Genomic selection has been suggested as an efficient method to close this performance gap (Allier et al. 2020; Gorjanc et al. 2016; Sanchez et al. 2023). However, in silico studies make strong assumptions about the genetic architecture of the trait under selection. These include the number of QTL, their distribution across the genome, allele frequencies at the QTL, the distribution of allele effect size, as well as allelic interactions with each other and the environment.
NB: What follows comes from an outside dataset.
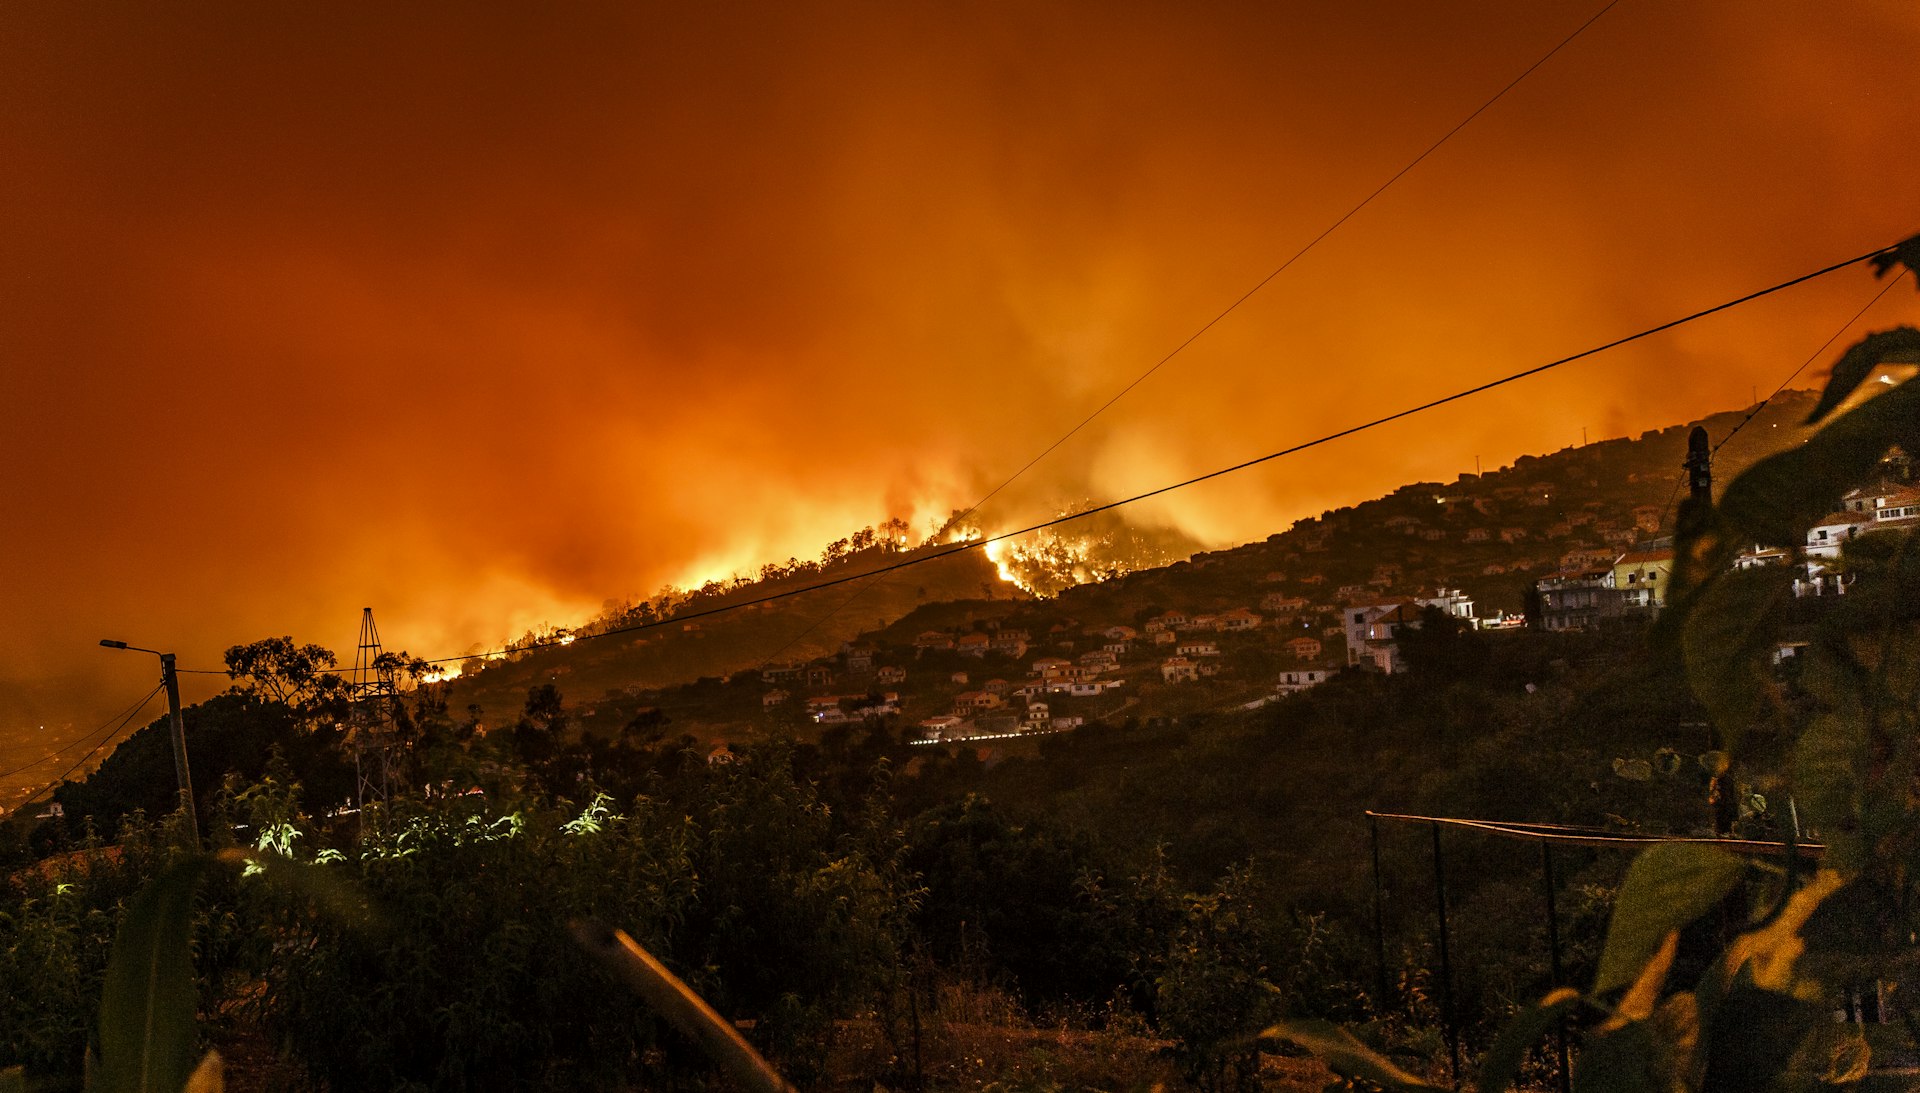 Forest fire raging through a hillside village

In studies on genome-based backcrossing, Bernardo (2009, 2016) demonstrated that the outcome of simulation scenarios differed fundamentally depending on the simulated trait architecture. In contrast, empirical selection experiments provide insights that are grounded in real-world scenarios, but they are highly resource consuming and the effect of selection is difficult to distinguish from random drift in un-replicated experiments. Nevertheless, for a specific breeding scheme they can give first insights on the realized response to selection, changes in genetic variances and prediction accuracies across selection cycles by comparing selected and unselected traits.

Here, we performed a replicated genomic selection experiment in a maize landrace. The goal was to investigate for polygenic traits how much selection gain could be realized in three cycles of selection and recombination without retraining the prediction model. We chose early plant development as a model trait because it is a major sustainability factor in maize production, can be evaluated in large field trials on a line per se basis, and has high heritability. In previous studies, we could also show that based on SNPs or haplotypes intermediate prediction accuracies can be obtained for quantitative traits in these landrace populations (Hölker et al. 2022, 2019; Lin et al. 2024).

Selection response decreases rapidly across cycles

We evaluated the selection response for two traits under directional selection, and one trait under stabilizing selection over three cycles of selection and recombination. Directional selection led to a large response for early plant height in growth stages V4 and V6 from C0 to C3 with only a small correlated response in final plant height and flowering time. The choice of the training set (three landraces versus PE only), the marker density (600 k versus 11 k), and the statistical model (multi- versus single-trait) had no or only a marginal effect on the choice of DH lines (C0sel) that were selected to initiate the selection process. We conclude that multi-trait selection in landrace populations can be highly successful if the founder parents for the selection cycles are chosen based on a large number of landrace-derived DH lines with high density genotypic data and multi-environment phenotypes.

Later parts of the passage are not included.